Ensure Result shows disableDisk completed.

Instructions

You may need to wait a few minutes for the CMC to register the disabled disk, however errors will start to show within multiple dashboards.

Instructions

Check the node directly from the CMC to confirm the disabled disk.
Click on Cluster Tab
Click on Nodes Sub-Tab
Select the node you disabled the disk on under the Host dropdown
Ensure that the disk is showing as NotAvail

(You may need to refresh screen)

To Activate a Replacement Disk and Restore Data to It

Important

After you’ve physically installed the replacement disk, follow these steps:

Instructions

Log into the CMC
Select Cluster tab
Select Nodes sub-tab
Select Advanced.
For the Command Type select "Disk Management"
For the Command select “enableDisk". (In a true disk failure scenario you would need to use the “replaceDisk” option)
Choose the Target Node (the node on which the disk resides)
Enter the Mount Point of the replacement disk. This must be the same as the mount point of the disk that you disabled (/cloudian1).
Click Execute.

Wait some time for the operation to complete. The disk replacement operation automatically invokes a repair on the mount point (to recreate on the new disk the same set of S3 object data that was on the disk you replaced). The duration of this repair operation will depend on how much data is involved.

Instructions

Select Cluster tab
Select Nodes sub-tab

Info

In the "Disk Detail Info" section, the replacement disk should have a green status icon (indicating that its status is OK): and the operation is done.

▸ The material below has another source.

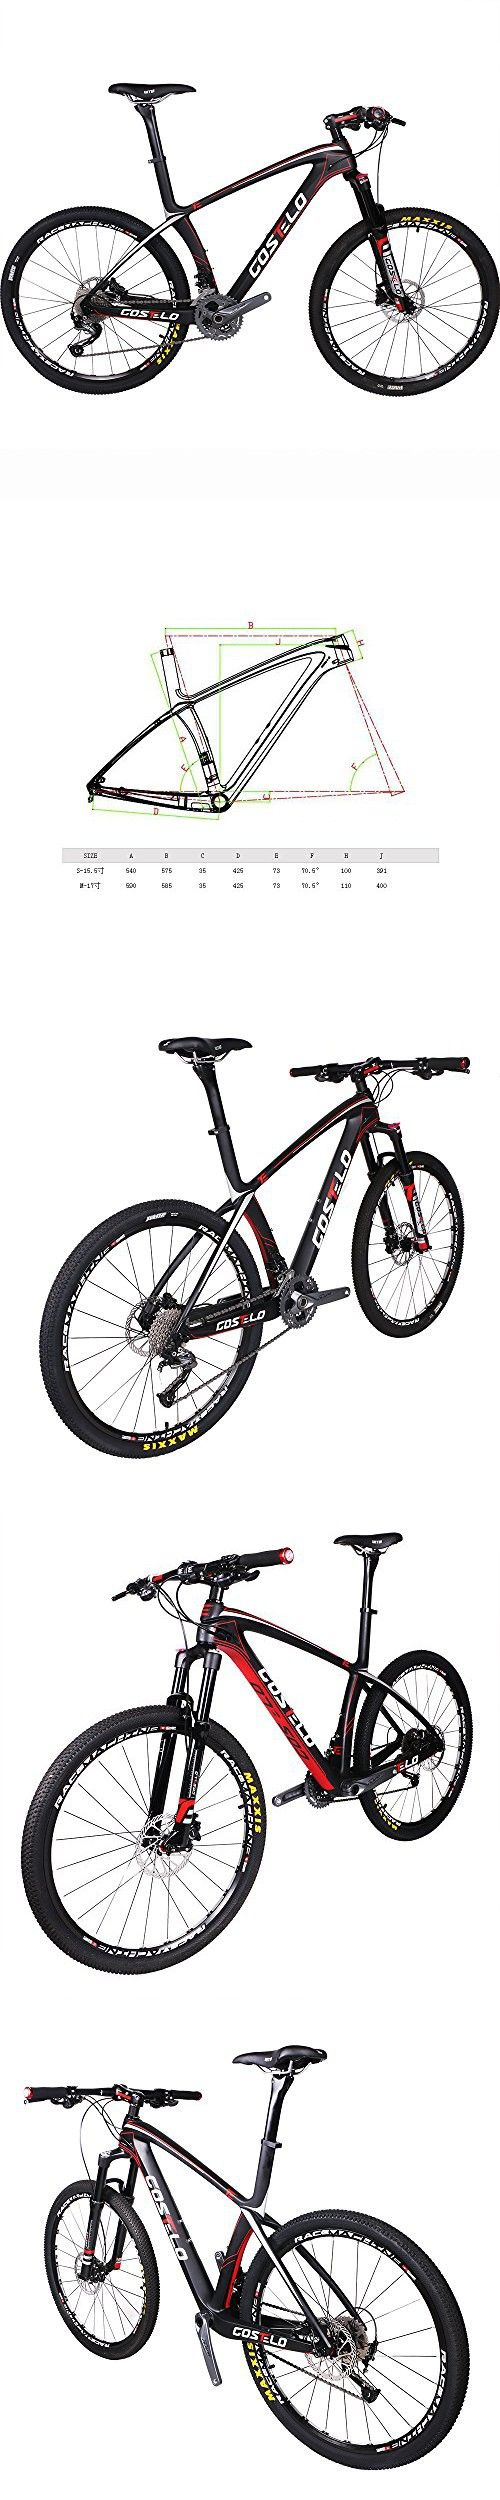 Costelo Ultimate 9.9 Bicycle MTB Frame carbon Bicylce Mountain Bike 27.5 650B MTB Frame Original Groups Wheels Saddle Bar Tire (SHIMANO M610)

It may be necessary to click "Clear Error History" to clear the red error indicator.

Instructions

if the disk does not reset to healthy in the CMC, it may be necessary to restart the monitoring agent to speed up the process.
```
systemctl restart cloudian-agent
```

Repair System

Info

When you physically install a new disk and then execute the HyperStore replaceDisk function, the system automatically does the following:
Creates a primary partition and an ext4 file system on the new disk
Establishes appropriate permissions on the mount
Remounts the new disk (using the same mount point that the prior disk had), uncomments its entry in /etc/fstab, and marks the disk as available for HyperStore reads and writes
Moves back to the new disk the same set of storage tokens that were automatically moved away from the prior disk when it was disabled
Performs a data repair for the new disk (populating the new disk with its correct inventory of object replicas and/or erasure coded object fragments)

Warning

Although the HyperStore system has automatically repaired the disk and associated data we should never rely soley on automated processes and must understand how to trigger a repair manually. Whenever we know an issue has occured and been corrected we should consider manually running a repair process especially if adding nodes or performing a rebalance process at the time of failure.

Instructions

We will start with Cassandra, log into your system using the sa_admin account
Start a repaircassandra this will repair all the Cassandra keyspaces.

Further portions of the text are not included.